Can I also suggest that you stroll over to the mathematics department at
Uppsala and talk to someone interested in bioinformatics and microarray
analysis, say Professor Tom Britton, and see if you can get ongoing help
with statistics and design issues.
Best wishes
Gordon
> Date: Mon, 04 May 2009 14:09:14 +0200
> From: Paolo Innocenti <paolo.innocenti at ebc.uu.se>
> Subject: Re: [BioC] Yet another nested design in limma
> Cc: AAA - Bioconductor <bioconductor at stat.math.ethz.ch>
>
> Hi all,
>
> since I received a few emails in my mailbox by people interested in a
> solution for this design (or a design similar to this one), but there is
> apparently no (easy) solution in limma, I was wondering if anyone could
> suggest a package for differential expression analysis that allows
> dealing with:
>
> nested designs,
> random effects,
> multiple factorial designs with more than 2 levels.
>
> I identified siggenes, maanova, factDesign that could fit my needs, but
> I would like to have a comment by someone with more experience before
> diving into a new package.
>
> Best,
> paolo
>
>
>
> Paolo Innocenti wrote:
>> Hi Naomi and list,
>>
>> some time ago I asked a question on how to model an experiment in limma.
>> I think I need some additional help with it as the experiment grew in
>> complexity. I also added a factor "batch" because the arrays were run in
>> separate batches, and I think would be good to control for it.

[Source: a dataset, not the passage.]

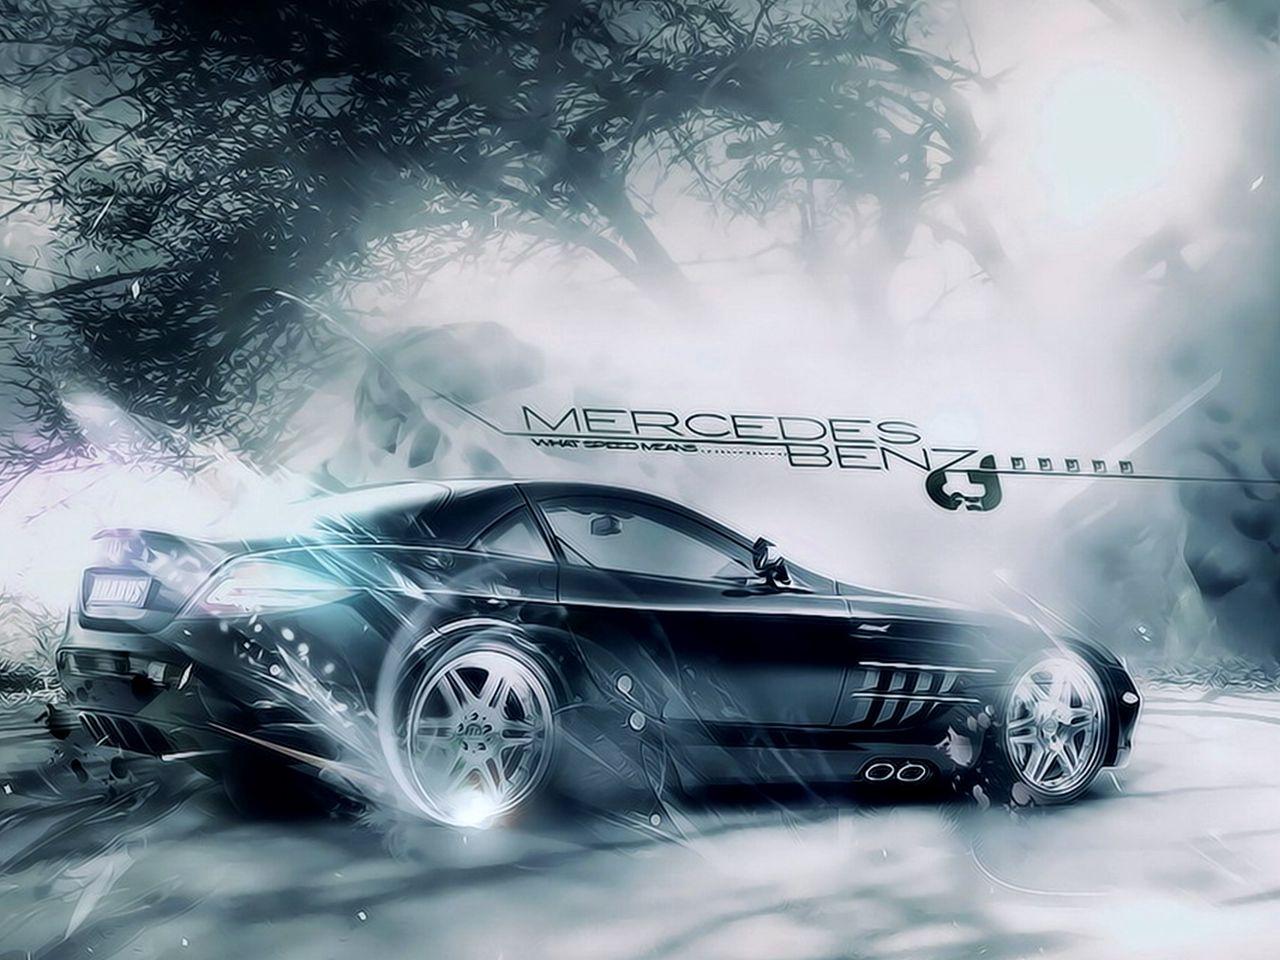 Mercedes Benz Hd Wallpapers Wallpapersafari

>> The dataframe with phenotypic informations ("dummy") looks like this:
>>
>> >> Phen Line Sex Batch BiolRep
>> >> File1 H 1 M 1 1
>> >> File2 H 1 M 1 2
>> >> File3 H 1 M 2 3
>> >> File4 H 1 M 2 4
>> >> File5 H 1 F 1 1
>> >> File6 H 1 F 1 2
>> >> File7 H 1 F 2 3
>> >> File8 H 1 F 2 4
>> >> File9 H 2 M 1 1
>> >> File10 H 2 M 1 2
>> >> File11 H 2 M 2 3
>> >> File12 H 2 M 2 4
>> >> File13 H 2 F 1 1
>> >> File14 H 2 F 1 2
>> >> File15 H 2 F 2 3
>> >> File16 H 2 F 2 4
>> >> File17 L 3 M 1 1
>> >> File18 L 3 M 1 2
>> >> File19 L 3 M 2 3
>> >> File20 L 3 M 2 4
>> >> File21 L 3 F 1 1
>> >> File22 L 3 F 1 2
>> >> File23 L 3 F 2 3
>> >> File24 L 3 F 2 4
>> >> File25 L 4 M 1 1
>> >> File26 L 4 M 1 2
>> >> File27 L 4 M 2 3
>> >> File28 L 4 M 2 4
>> >> File29 L 4 F 1 1
>> >> File30 L 4 F 1 2
>> >> File31 L 4 F 2 3
>> >> File32 L 4 F 2 4
>> >> File33 A 5 M 1 1
>> >> File34 A 5 M 1 2
>> >> File35 A 5 M 2 3
>> >> File36 A 5 M 2 4
>> >> File37 A 5 F 1 1
>> >> File38 A 5 F 1 2
>> >> File39 A 5 F 2 3
>> >> File40 A 5 F 2 4
>> >> File41 A 6 M 1 1
>> >> File42 A 6 M 1 2
>> >> File43 A 6 M 2 3
>> >> File44 A 6 M 2 4
>> >> File45 A 6 F 1 1
>> >> File46 A 6 F 1 2
>> >> File47 A 6 F 2 3
>> >> File48 A 6 F 2 4
>>
>> In total I have
>> Factor "Phen", with 3 levels
>> Factor "Line", nested in Phen, 6 levels
>> Factor "Sex", 2 levels
>> Factor "Batch", 2 levels
>>
>> I am interested in:
>>
>> 1) Effect of sex (M vs F)
>> 2) Interaction between "Sex" and "Line" (or "Sex" and "Phen")
>>
>> Now, I can't really come up with a design matrix (not to mention the
>> contrast matrix).
>>
>> Naomi Altman wrote:
>>> You can design this in limma quite readily. Nesting really just means
>>> that only a subset of the possible contrasts are of interest. Just
>>> create the appropriate contrast matrix and you are all set.
>>
>> I am not really sure with what you mean here. Should I treat all the
>> factors as in a factorial design?
>> I might do something like this:
>>
>> phen <- factor(dummy$Phen)
>> line <- factor(dummy$Line)
>> sex <- factor(dummy$Sex)
>> batch <- factor(dummy$Batch)
>> fact <- factor(paste(sex,phen,line,sep="."))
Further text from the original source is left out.